A modest week-over-week drop was reported for fixed rates on residential loans, and an even bigger decline is likely in the next report.
Thirty-year note rates on single-family loans averaged
4.25 percent during July. Mortgage rates dipped 2 basis points from the preceding month.
But last month’s mortgage rates were nowhere near as good as they were in the same month last year, when the average 30-year note rate was 3.87 percent.
Ellie Mae Inc. reported those findings in its July 2017 Origination Insight Report.
Interest rates on conventional loans were 4.31 percent in July
2017, while rates on mortgages insured by the Federal Housing Administration were 4.25 percent, and rates on loans guaranteed by by the Department of Veterans Affairs averaged 4.00 percent.
During just the seven days ended Aug. 17, thirty-year fixed rates averaged 3.89 percent in Freddie Mac’s Primary Mortgage Market Survey. The average dipped from 3.90 percent a week earlier but sat well above 3.43 percent a year earlier.
“Mortgage rates are continuing to hold at low levels amidst ongoing economic uncertainty,” Freddie Mac Chief Economist Sean Becketti said in the report.

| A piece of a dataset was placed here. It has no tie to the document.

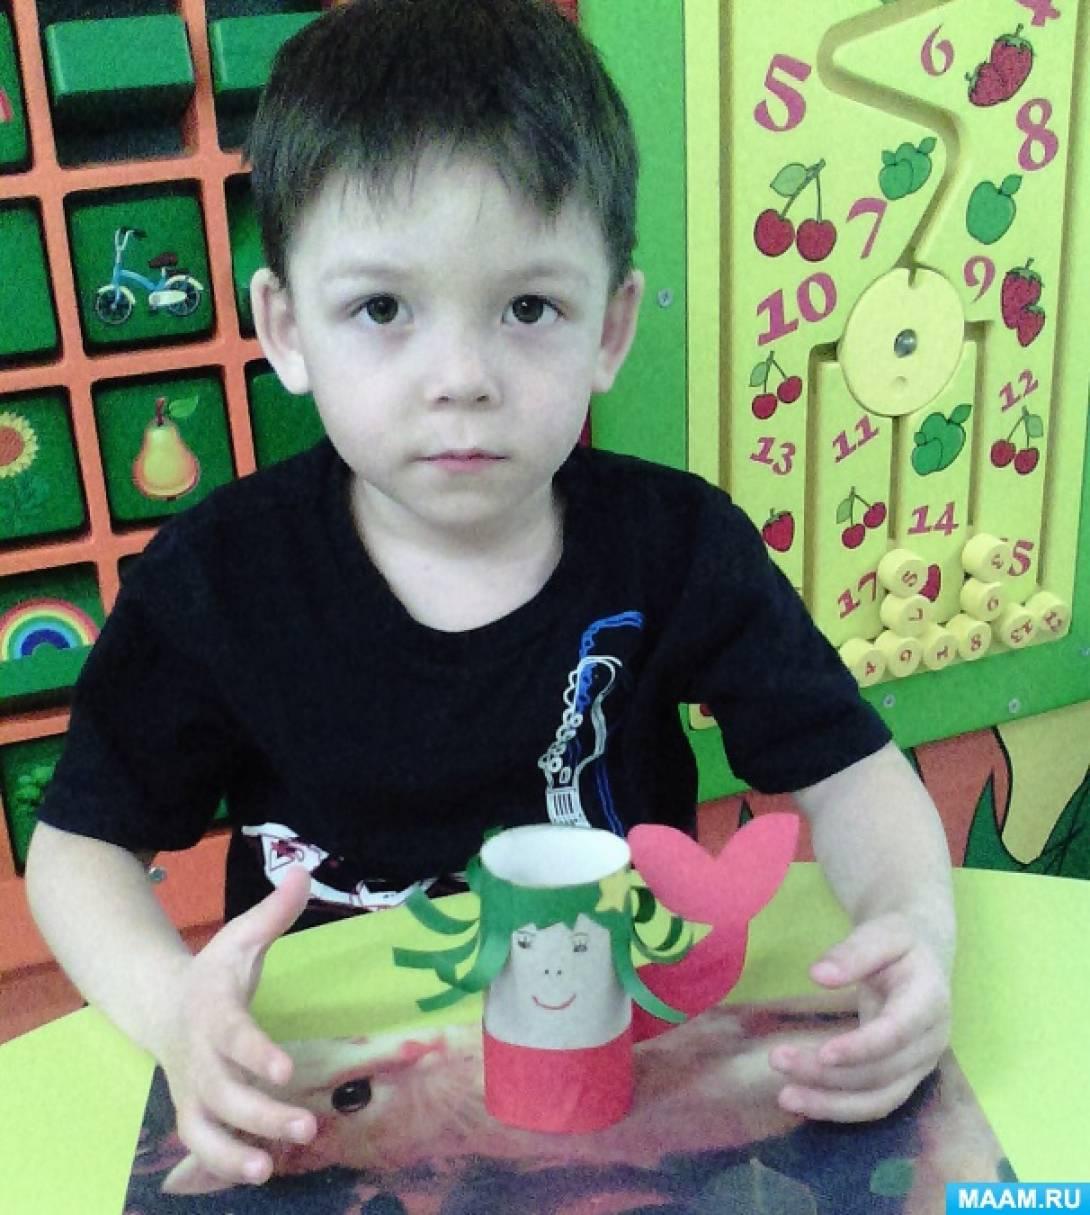 Детский мастер-класс от Марселя «Русалка»

MBSQuoteline Director of Sales and Marketing Joe Farr
explained in a written statement that interest rates appear to have worsened since Freddie conducted its survey. Rates were driven higher by a strong retail sales report.
But an analysis of Treasury market activity by Mortgage Daily indicates that mortgage rates could be around 5 BPS lower in Freddie’s next survey.
However, half of the panelists surveyed by Bankrate.com for the week Aug. 16 to Aug. 22 predicted that mortgage rates won’t move more than 2 BPS over the next week. An increase was projected by 40 percent, and only 10 percent expected a decline.
Looking further out, Fannie Mae predicted in its Housing Forecast: August 2017 that long-term rates will rise from 3.9 percent in the third quarter to 4.0 percent each of the following two quarters and 4.1 percent the next three quarters.
Interest rates on jumbo mortgages were 8 BPS more than conforming rates in the U.S. Mortgage Market Index report from Mortgage Daily and Open Close for the week ended Aug. 11. The jumbo-conforming spread widened from 5 BPS the previous week.
Fifteen-year fixed rates averaged 3.16 percent in Freddie’s survey, a 2-basis-point improvement from the week ended Aug. 10. Meanwhile, the spread between 15- and 30-year rates widened to 73 BPS from 72 BPS one week prior.
At 3.16 percent in Freddie’s most-recent survey, five-year, Treasury-indexed, hybrid, adjustable-rate mortgages averaged 2 BPS more than in the last report.
Fannie predicts that hybrid ARMs will average 2.9 percent in the third and fourth quarters of this year and 3.0 percent in the first-quarter 2018.
Hybrid ARMs adjust based on the one-year Treasury note yield, which the Treasury Department reported closed at 1.24 percent Thursday, up 2 BPS from the previous Thursday.
A less-utilized ARM index, the six-month London Interbank Offered Rate, was 1.45 percent as of Wednesday,
the same as seven days sooner, Bankrate.com reported.
Ellie reported that ARM share was trimmed to 5.7 last month from 5.9 percent in June but was still wider than 4.5 percent in July 2016.
ARM share in the most-recent Mortgage Market Index report was 13.3 percent, fattening considerably from 9.0 percent the prior week.